You will find in this notebook some scrapy exercises to practise your scraping skills.

**Tips:**

- Check the response status code for each request to ensure you have obtained the intended content.
- Print the response text in each request to understand the kind of info you are getting and its format.
- Check for patterns in the response text to extract the data/info requested in each question.
- Visit the urls below and take a look at their source code through Chrome DevTools. You'll need to identify the html tags, special class names, etc used in the html content you are expected to extract.

**Resources**:
- [Requests library](http://docs.python-requests.org/en/master/#the-user-guide)
- [Beautiful Soup Doc](https://www.crummy.com/software/BeautifulSoup/bs4/doc/)
- [Urllib](https://docs.python.org/3/library/urllib.html#module-urllib)
- [re lib](https://docs.python.org/3/library/re.html)
- [lxml lib](https://lxml.de/)
- [Scrapy](https://scrapy.org/)
- [List of HTTP status codes](https://en.wikipedia.org/wiki/List_of_HTTP_status_codes)
- [HTML basics](http://www.simplehtmlguide.com/cheatsheet.php)
- [CSS basics](https://www.cssbasics.com/#page_start)
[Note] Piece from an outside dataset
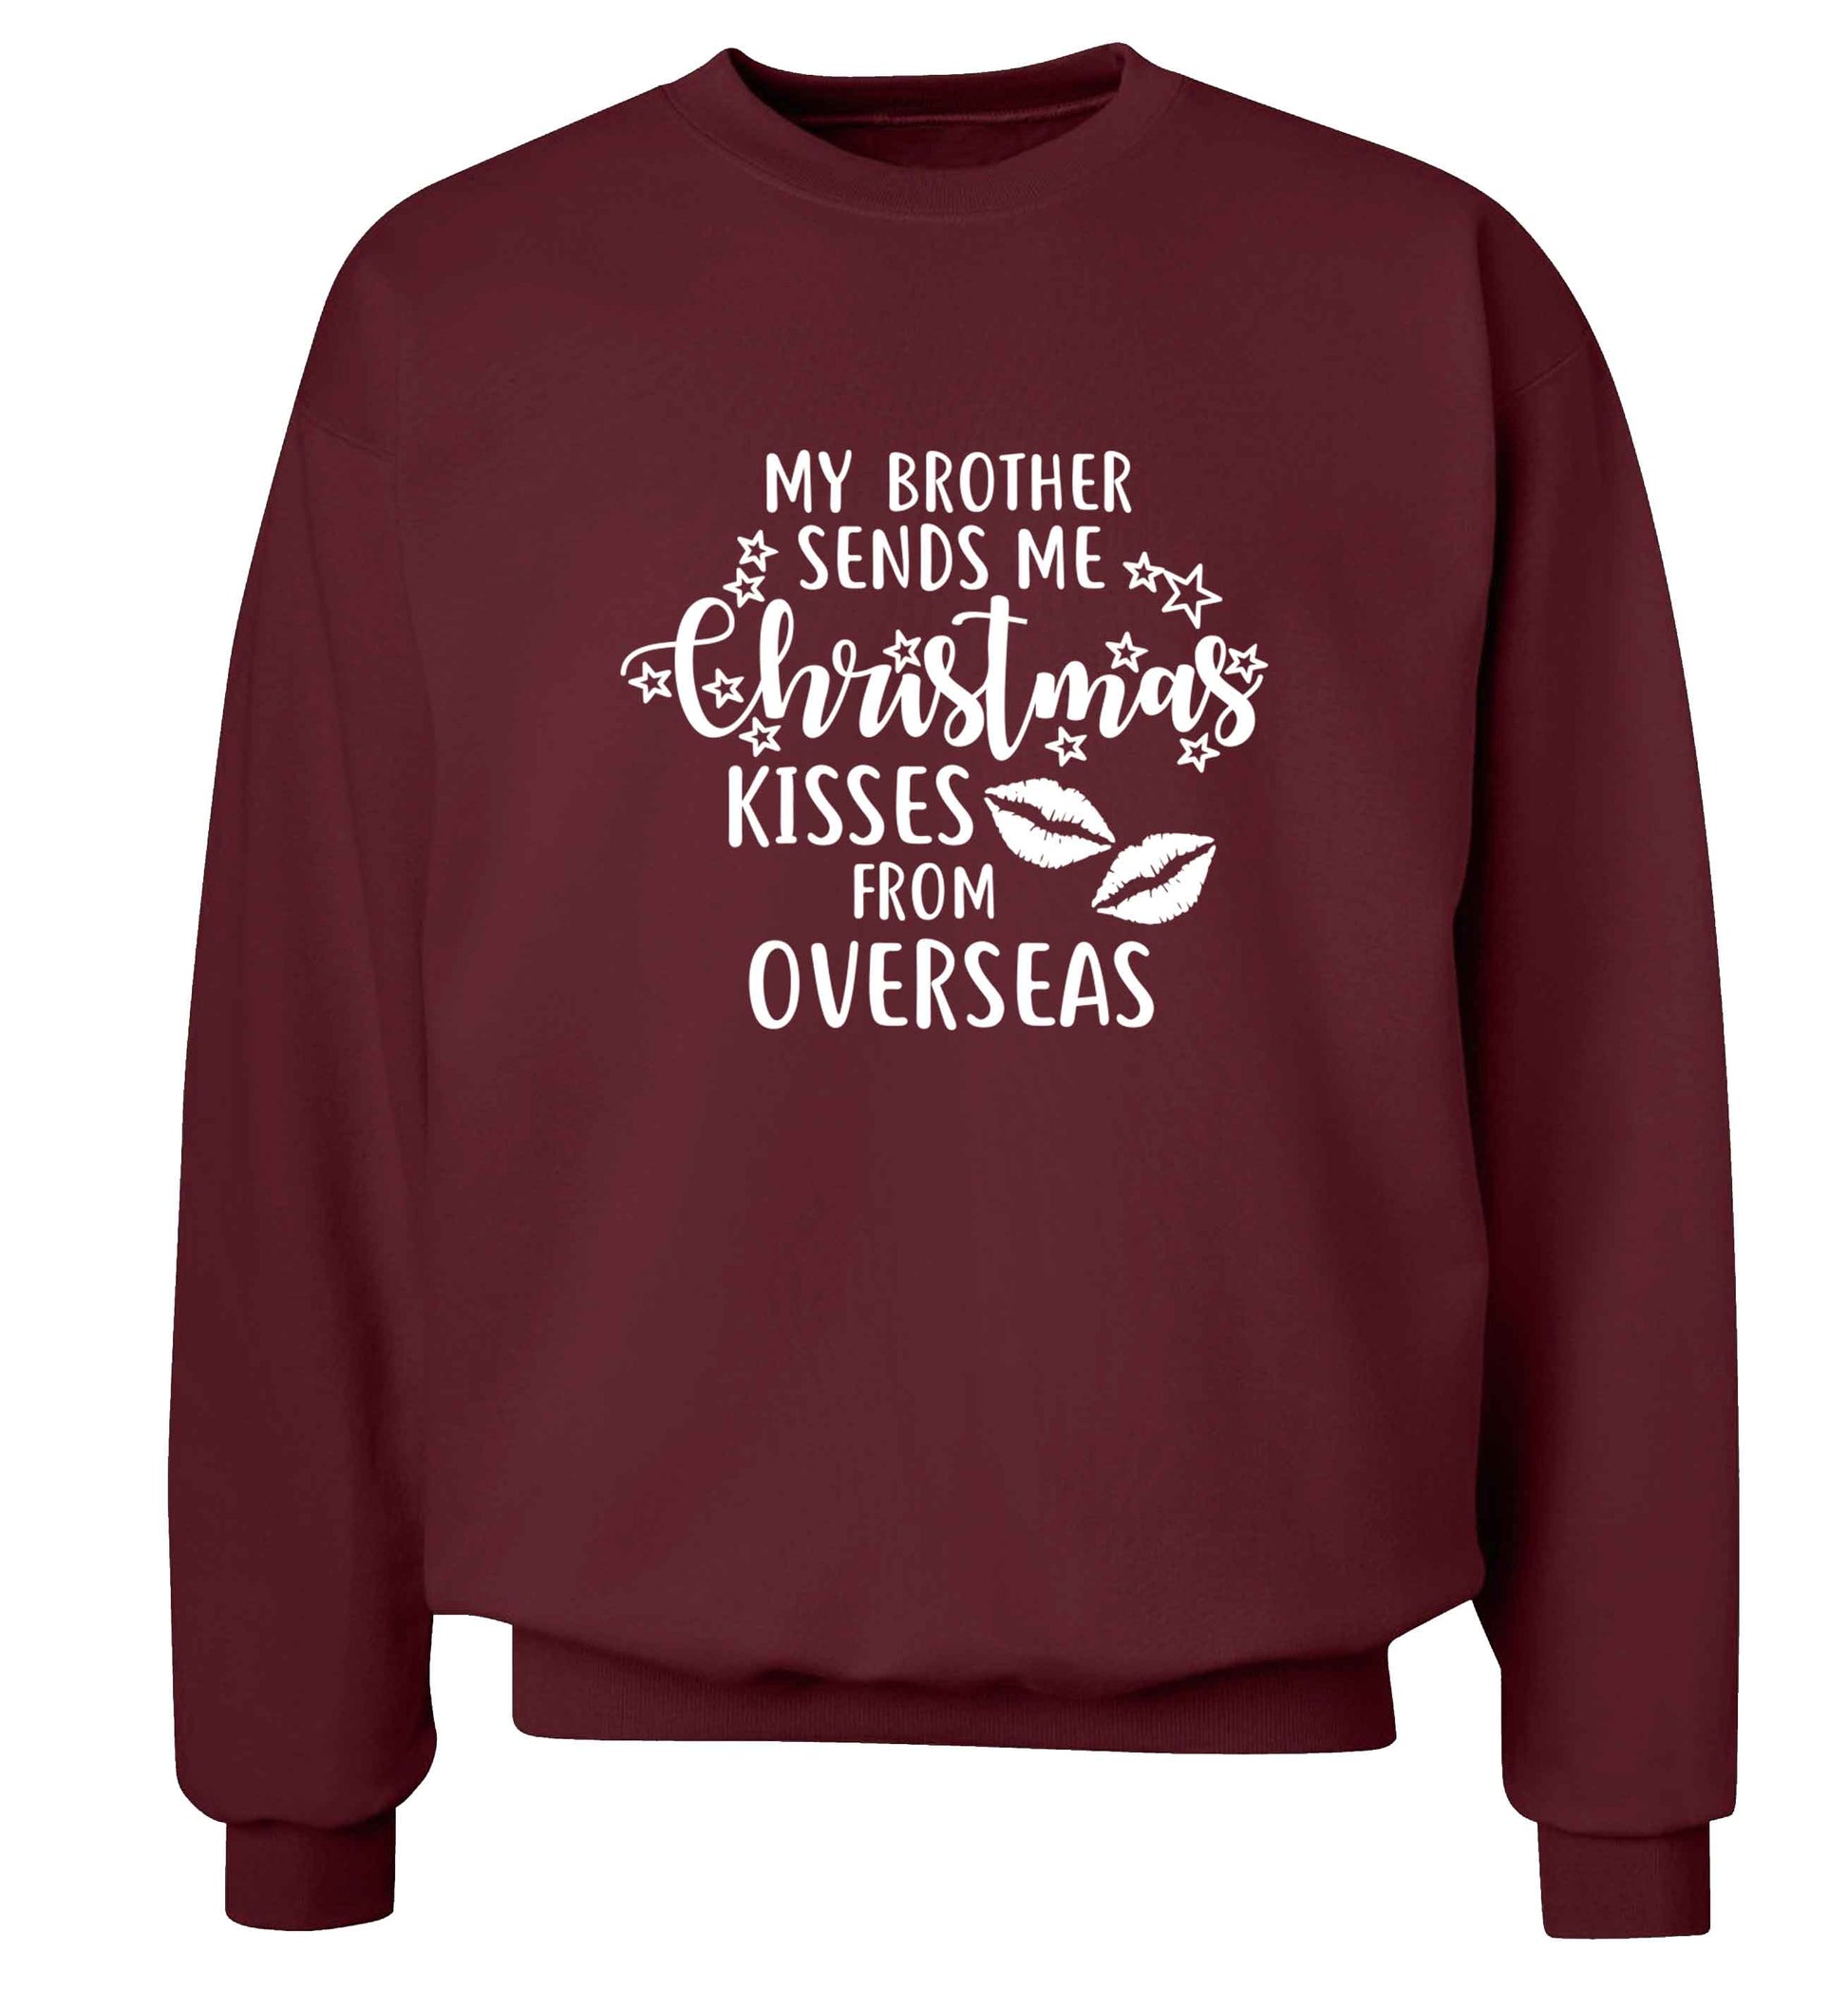 Brother Christmas Kisses Overseas adult's unisex maroon sweater 2XL

#### Below are the libraries and modules you may need. `requests`,  `BeautifulSoup` and `pandas` are already imported for you. If you prefer to use additional libraries feel free to do it.

In [1]:
import requests
from bs4 import BeautifulSoup
import pandas as pd
import re

In [None]:
# He llegado hasta los terremotos, me he parado ahí
# Lo he envío sin terminar, lo añado a tareas pendientes, perdón

#### Download, parse (using BeautifulSoup), and print the content from the Trending Developers page from GitHub:

In [2]:
# This is the url you will scrape in this exercise
url = 'https://github.com/trending/developers'

In [3]:
# your code here
res = requests.get(url).content
res[0:600]
type(res)

bytes

In [4]:
soup = BeautifulSoup(res, "html.parser")
type(soup)

bs4.BeautifulSoup

#### Display the names of the trending developers retrieved in the previous step.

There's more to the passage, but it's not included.